Abstract:Recent papers propose hyperbolic regularizations of dispersive equations that are the Euler-Lagrange equations for a given Lagrangian [1]. The primary purpose is to reformulate the high-order derivative dispersive equations as a first-order hyperbolic system. Introducing an appropriate set of parameters gives rise to an extended Lagrangian, asymptotically recovering the proper variational structure of the initial equation under concern. In the case of Serre-Green-Naghdi equations, this "extended Lagrangian" method is now mathematically justified [2]. The advantage of such an approach is obvious: one can use for dispersive equations the entire arsenal of finite volume methods developed for hyperbolic equations.

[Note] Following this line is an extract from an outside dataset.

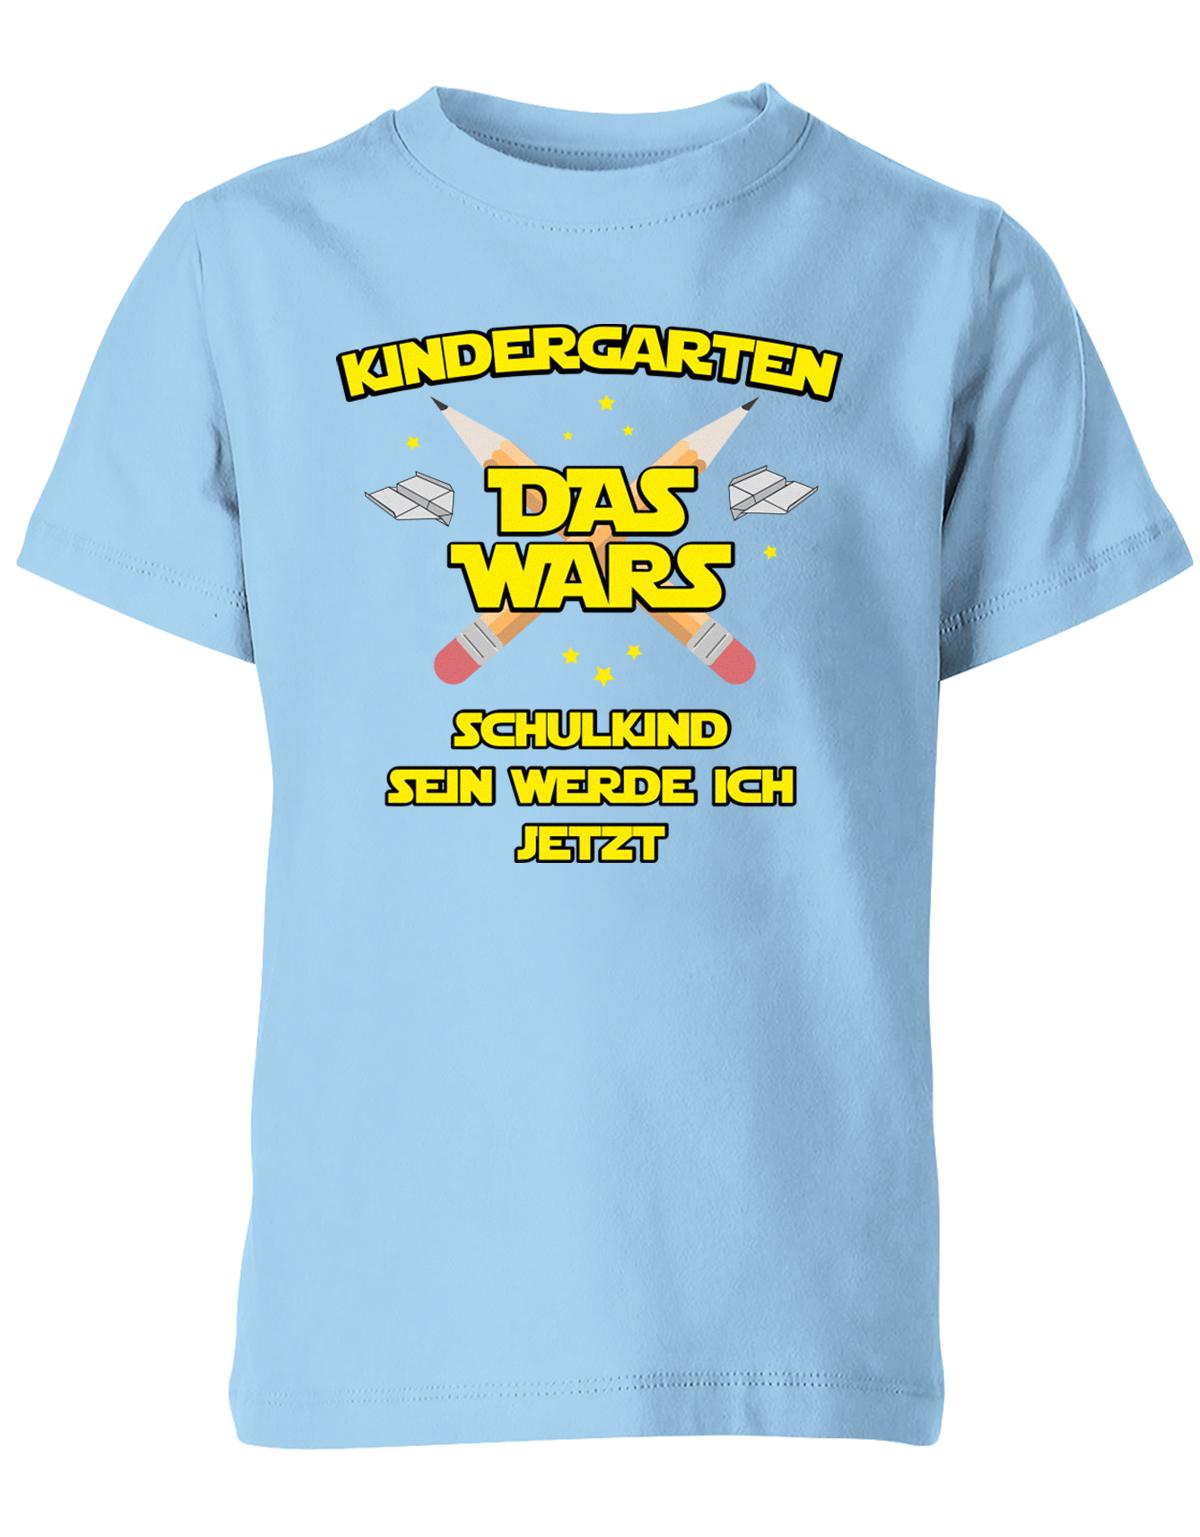 Kindergarten Das Wars Schulkind sein werde ich jetzt - Kita Abgänger Shirt Hellblau

We aim to apply a similar strategy but in the context of the dispersive conduit equation [3]. According to the classical formulations, this equation does not derive from a Lagrangian, and the classical variational structure is useless. In this context, the purpose is to derive a helpful mathematical pattern for the hyperbolic approximation of the conduit equation.

This presentation will exhibit a mathematical pattern preserved by the hyperbolic reformulation of the conduit equation. Other hyperbolic reformulations exist without fulfilling the proposed mathematical properties. We will compare the numerical solutions based either on hyperbolic or the dispersive formulation of the conduit equation. Contrary to the other hyperbolic models, the "structure-preserving" hyperbolic approximation shows excellent convergence results.

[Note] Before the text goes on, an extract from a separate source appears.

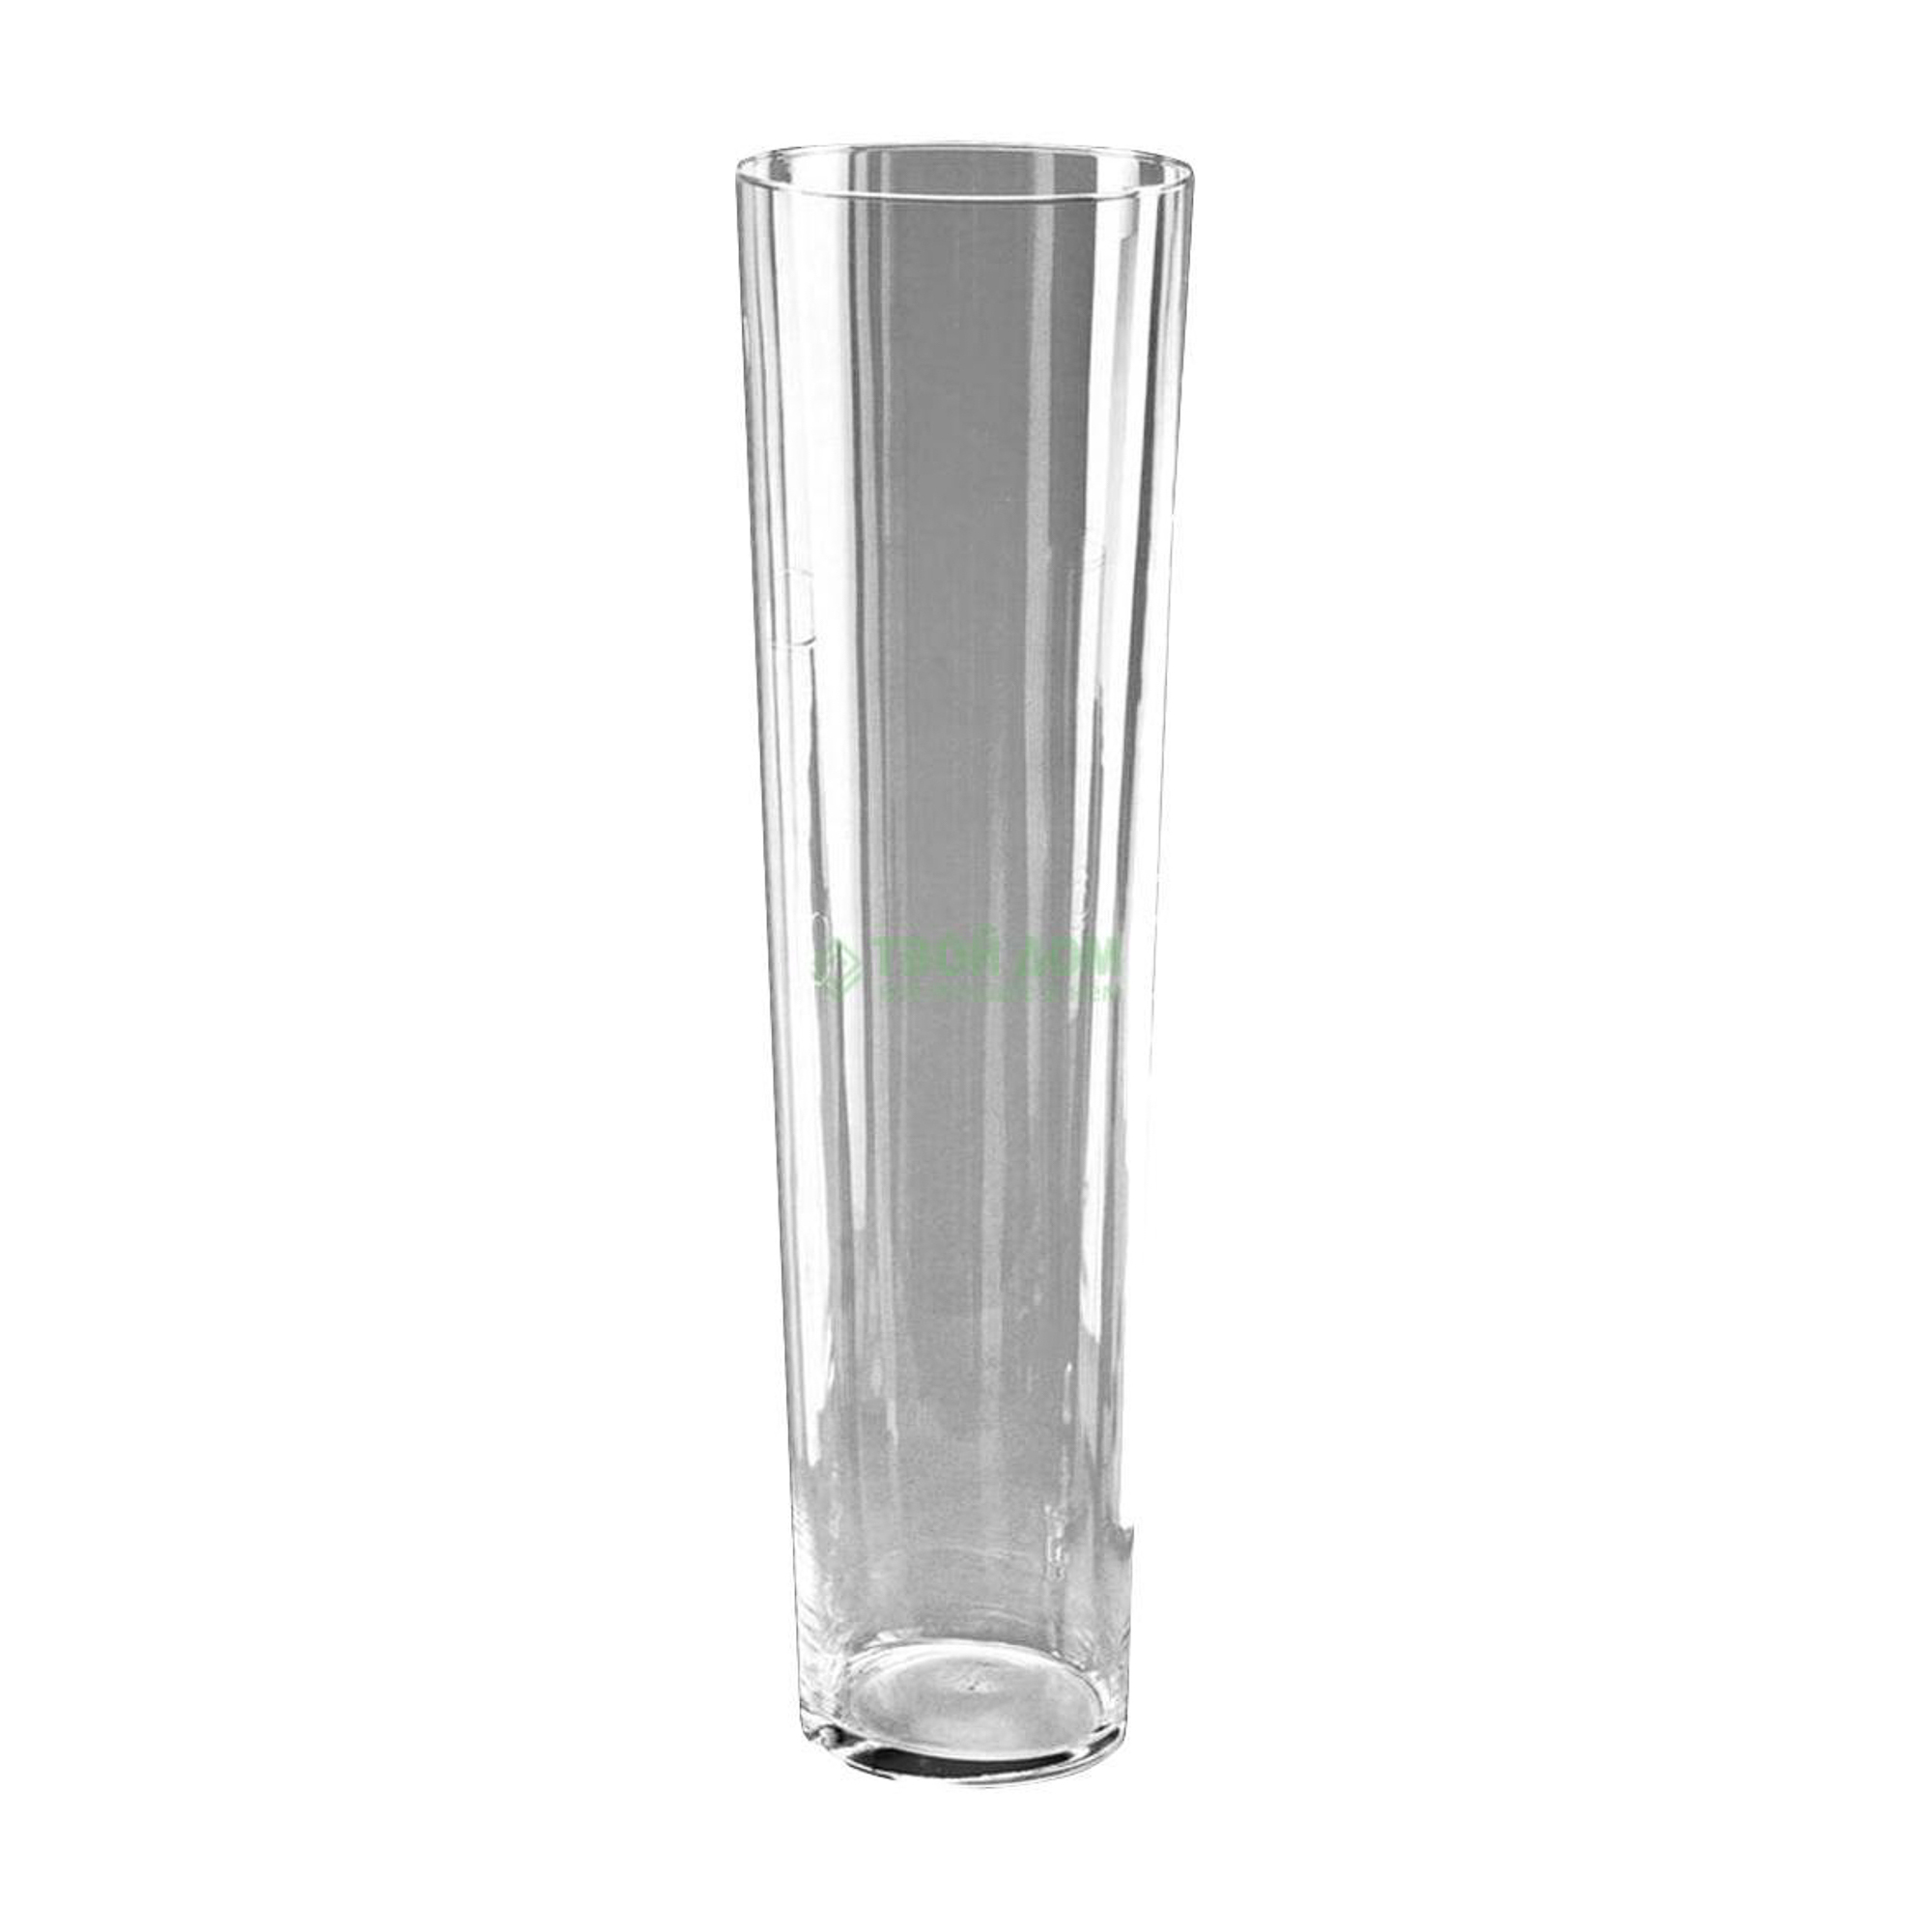 Ваза Hackbijl glass conical

1. N. Favrie and S. Gavrilyuk. A rapid numerical method for solving Serre-Green-Naghdi equations describing long free-surface gravity waves. Nonlinearity, 2017.
2. V. Duchene. Rigorous justification of the Favrie-Gavrilyuk approximation to the Serre-Green-Naghdi model. Nonlinearity, 2019.
3. N.K. Lowman and M.A. Hoefer. Dispersive hydrodynamics in viscous fluid conduits. Phys. Rev. E, 2013.
4. S. Gavrilyuk, B. Nkonga, K.M. Shyue, and L. Truskinovsky. Stationary shock-like transition fronts in dispersive systems. Nonlinearity, 2020.